For the 2006 elections, many sectors within and outside the reformist party called for his candidacy for the Senate of the National District, but in pursuit of party unity, he refused to present himself as a candidate for Senator and aspired to a second term as deputy. On this occasion, he managed to double the number of votes obtained in 2002, now obtaining 8,579.

In 2010, he was re-elected again and ended up being the candidate with the most votes from the alliance that nominated him for the Lower House. He was sworn in for a third term that would exceptionally be 6 years due to the constitutional reform that sought the unification of the Dominican elections for the year 2016 on the same date.

== Environmental work ==
Because of his role in defending the environment of the Dominican Republic, Bisonó has become the representative of eco-friendly Dominicans in Congress. He has sponsored many events to decrease pollution, fumigate areas affected by infested lagoons, tree planting sprees as well as presenting many comprehensive pieces of legislation concerning environmental conservation and climate change.

==Laws==
Among the most notable laws he promoted are:
- Law No. 57-07 on Incentives for the Development of Renewable Energy Sources and their Special Regimes
- Law No. 392-07 on Industrial Competitiveness and Innovation
- Law No. 479-08 on Commercial Companies and Individual Limited Liability Companies
- Law No. 170-07 that Institutes the Municipal Participatory Budget
- Law No. 171-07 Granting Special Incentives to Pensioners and Annuitants from Foreign Sources
- Public-Private Partnerships Act
- Weapons Law

==Role within the PRSC (1896-2017)==
Within the Social Christian Reformist Party he has held positions such as Vice President of the National District Board, Member of the Central Executive Board, Member of the National Restructuring Commission and the Advisory and Cooperation Commission of the 20, Member of the Executive Commission and is a member of the Permanent Presidential Commission.

In 2007 he supported the candidacy of Engineer Eduardo Estrella and joined the campaign as finance manager.
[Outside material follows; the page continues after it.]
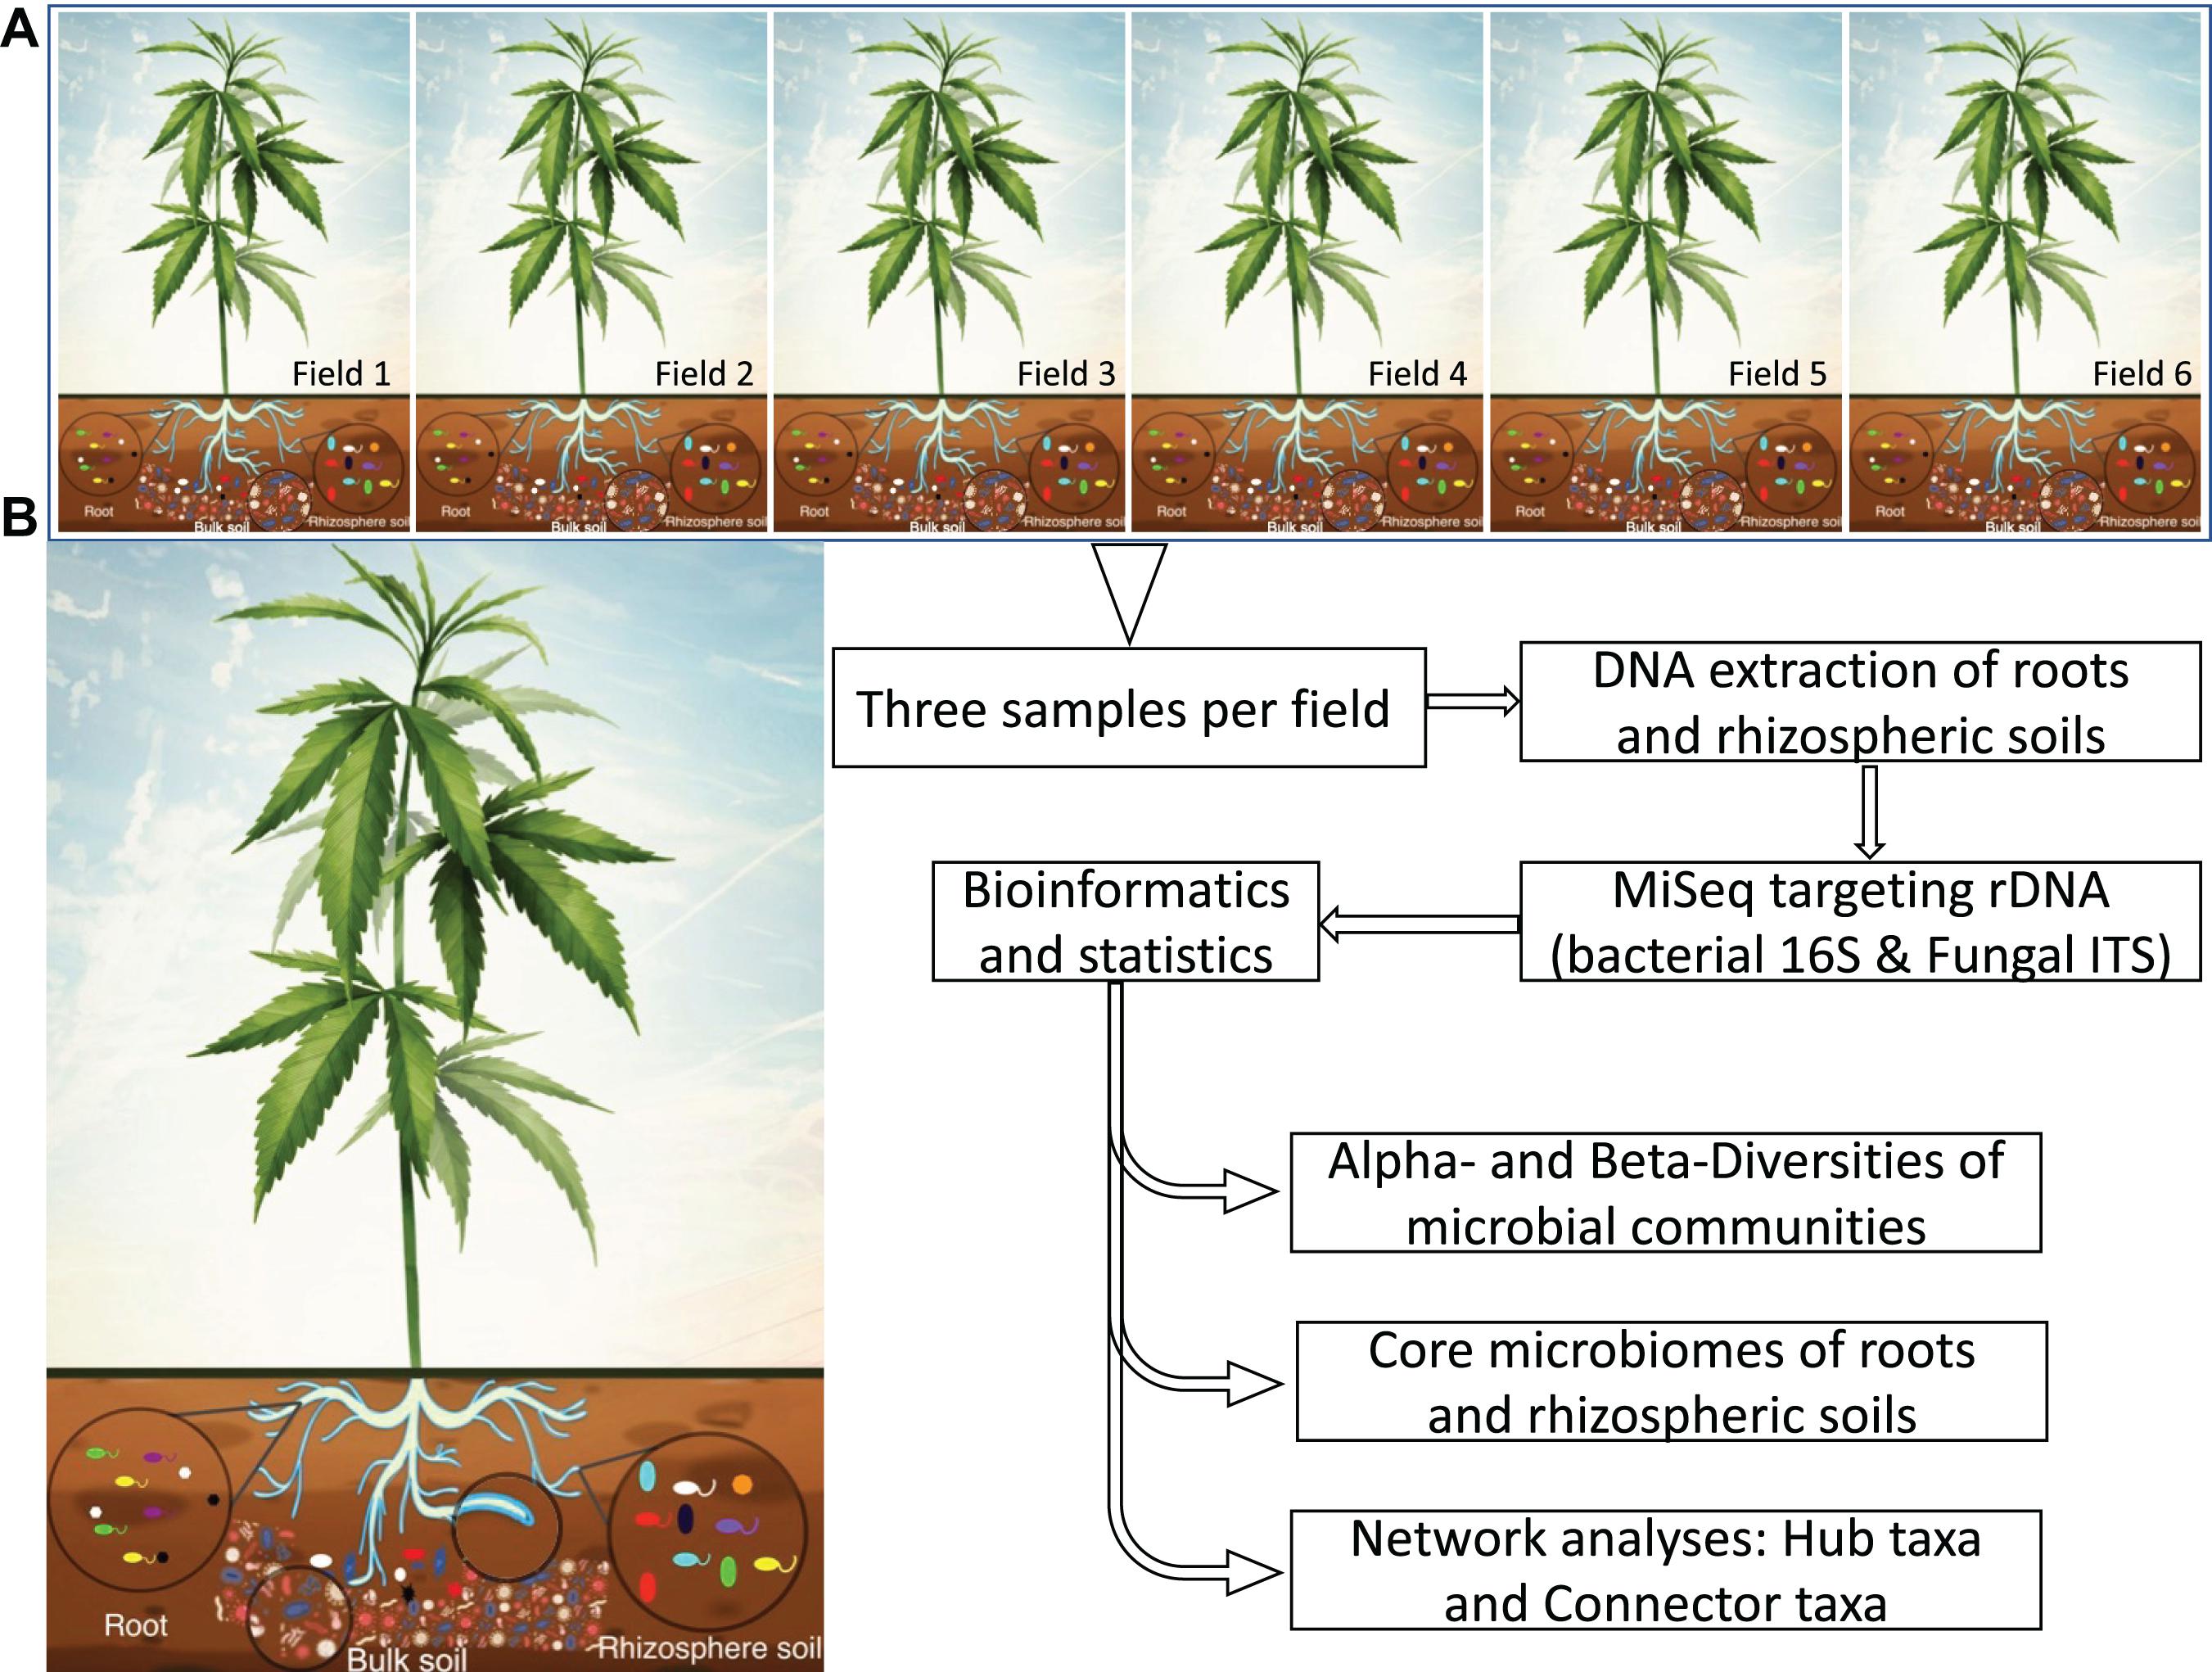 Frontiers | Microbiome of Field Grown Hemp Reveals Potential Microbial ...

However, after a new controversy that ended with Estrella's departure to form a new party, the deputy remained in the party that, with the elected candidate, Amable Aristy Castro, was reduced to its lowest point in the 2008 presidential elections.

In 2020, Bisonó decided to join the Modern Revolutionary Party (PRM). Since then, he has been an active member of the PRM Executive Directorate.

==Management as Minister of Industry, Commerce, and MSMEs==
Since taking office as Minister of Industry, Commerce, and MSMEs in August 2020, Ito Bisonó has led a number of key initiatives.

Under the direction of Ito Bisonó, the Ministry of Industry, Commerce, and MSMEs (MICM) played a crucial role in the expansion and strengthening of free trade zones in the Dominican Republic. 302 permits were issued for the installation of companies in these zones, with a projection of creating 46,022 direct jobs and an estimated investment of US$651 million. These companies, which operate under the free trade zone regime, generate foreign exchange earnings of around US$599 million.

As an active member of the Dominican-Haitian Chamber of Commerce, where he served as second vice president in 2009, Bisonó worked to strengthen trade ties between the Dominican Republic and Haiti.

==Political thought==
Ito Bisonó is the founder and president of the Center for Public Policy Analysis (CAPP), an organization that has been instrumental in promoting debates on issues such as geopolitics, economic development, immigration, security and technology in the Caribbean region.

==Personal life==
He is married to Isabel "Chabela" León Nouel, daughter of industrialist Carlos Guillermo León Asensio (1926–2009) and Mercedes 'Yin' Nouel Victoria (b. 1932), with whom he has had various children. Isabel is niece of José León Asensio, granddaughter of Eduardo León Jimenes and Carlos Tomás Nouel y Bobadilla, and therefore grandniece of Adolfo Alejandro Nouel y Bobadilla.